У портнихи ее расстроили. Платье, на первой примерке очень ей шедшее, теперь сидело отвратительно. Девочка в ответ на ее замечание дерзко пожала плечами. Счет лежал на столе и содержал вдвое большие цифры, нежели она думала, а сама портниха, с которой можно было поторговаться, уехала к умирающей матери. В сильнейшей досаде Любовь Адриановна велела уложить платье, подождала, покуда дерзкая девочка выводила свою подпись на счете, скомкала его и бросила в сумочку, а потом отправилась к гимназической подруге.
Есть особый сорт женщин, который можно назвать «сочувственным». К нему принадлежат некрасивые девушки, очень счастливые в браке жены и пожилые вдовы. У каждой из них есть легкомысленная подруга, которой они сочувствуют, дают советы, гадают на картах и даже относят с предосторожностями письма, доставленные по их адресу. Основным часом для сочувствия, по молчаливому соглашению обеих сторон, выбрано время «кофе», что дает возможность сочувствующей даме принять, правда с небольшими возражениями и даже упреками, от дамы чувствующей — либо несколько сладких пирожных, либо небольшой кекс, либо фунт сдобных сухарей.
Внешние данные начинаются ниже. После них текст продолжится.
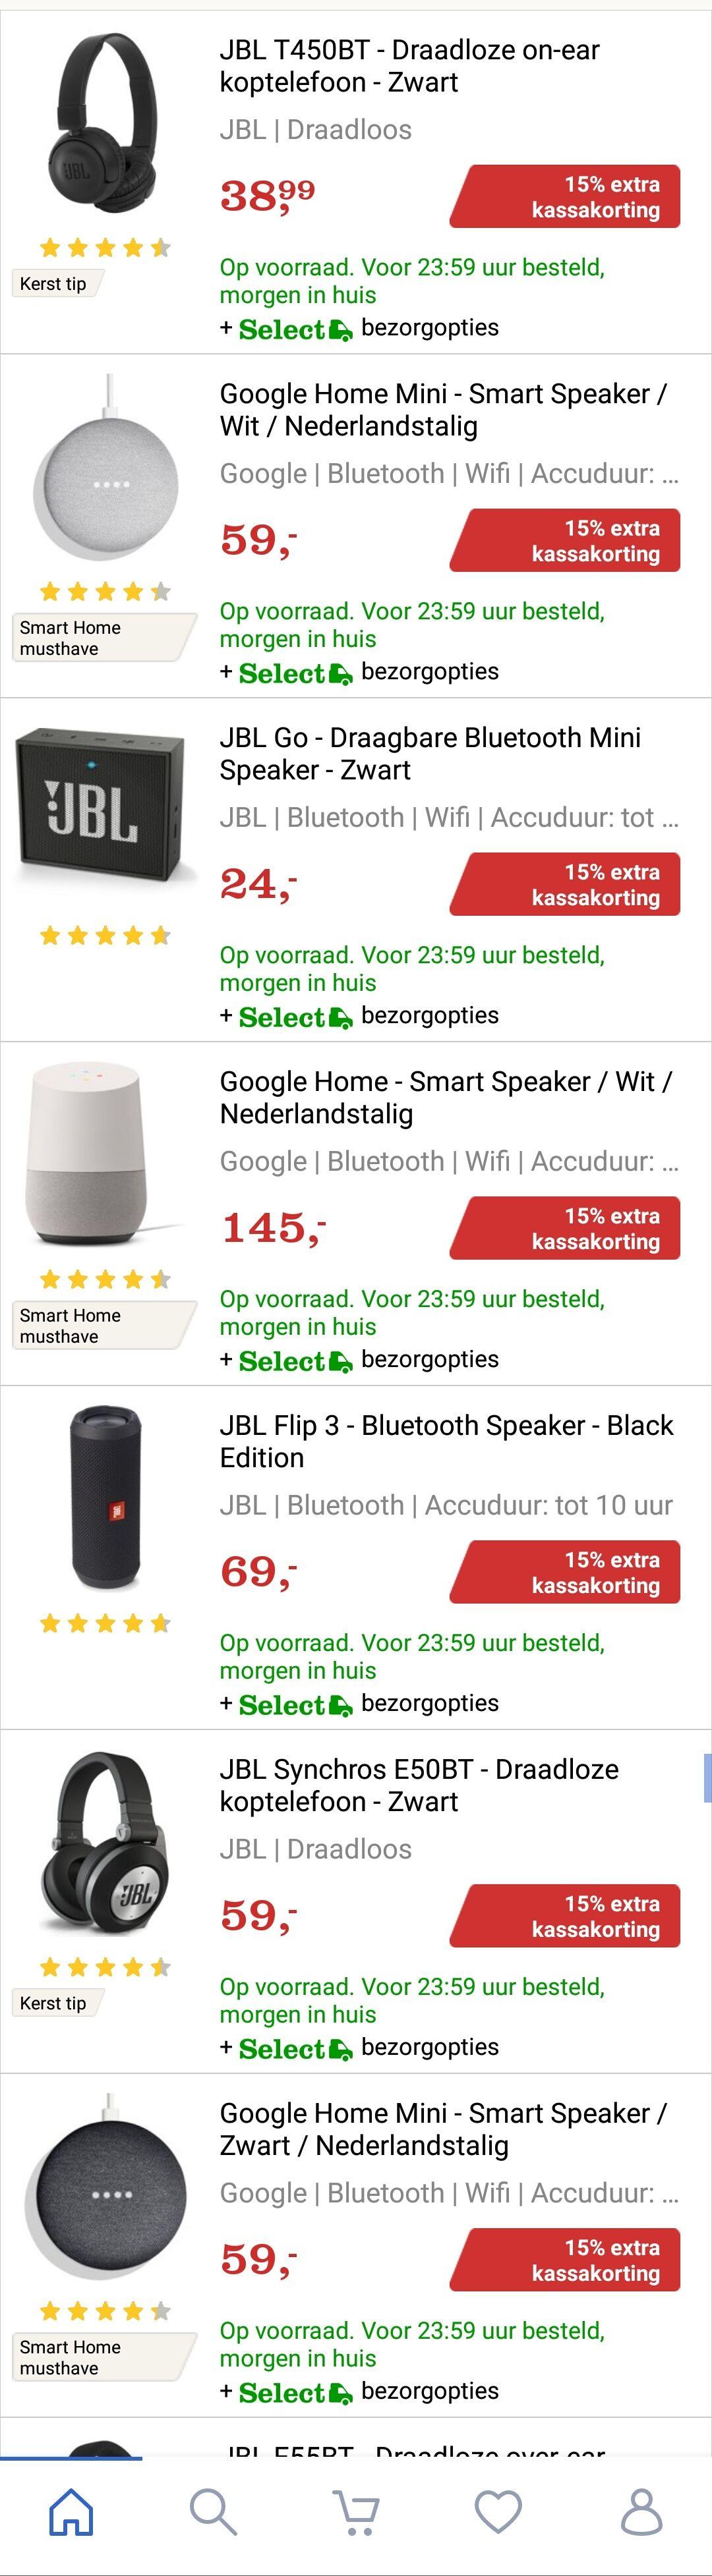 Dagdeal bol.com: 15% korting op Audio & HIFI (Speakers & koptelefoons) oa JBL, Harman Kardon & Google Home.

Гимназическая подруга Любови Адриановны, нашедшая свое призвание в изучении новых языков и преимущественно английского, из пяти комнат своей квартиры занимала только одну, и в эту единственную комнату проникла сейчас взволнованная Любовь Адриановна. Подруги поцеловались.
— Он ушел? — спросила наша героиня, показывая пальцем на стену. Он — означало Петра Александровича, журналиста, снимавшего одну из пяти комнат.
— Пишет, — ответила подруга многозначительно.
У Любови Адриановны тотчас же изменились манеры и голос; она грациозно стащила перчатки, сгибая локти никак не шире прямого угла, подняла вуаль над глазами и провела себе по губам таинственной волшебной палочкой, после чего надлежало их облизать и потереть друг о дружку. Подруга смотрела на нее с истинным наслаждением: она радовалась, что Любовь Адриановна мажется, что это ее портит и что мазаться неприлично с точки зрения уважаемых ею людей. Но удержавшись, она выдала свою радость:
— Люба, Петр Александрович терпеть не может, когда красятся.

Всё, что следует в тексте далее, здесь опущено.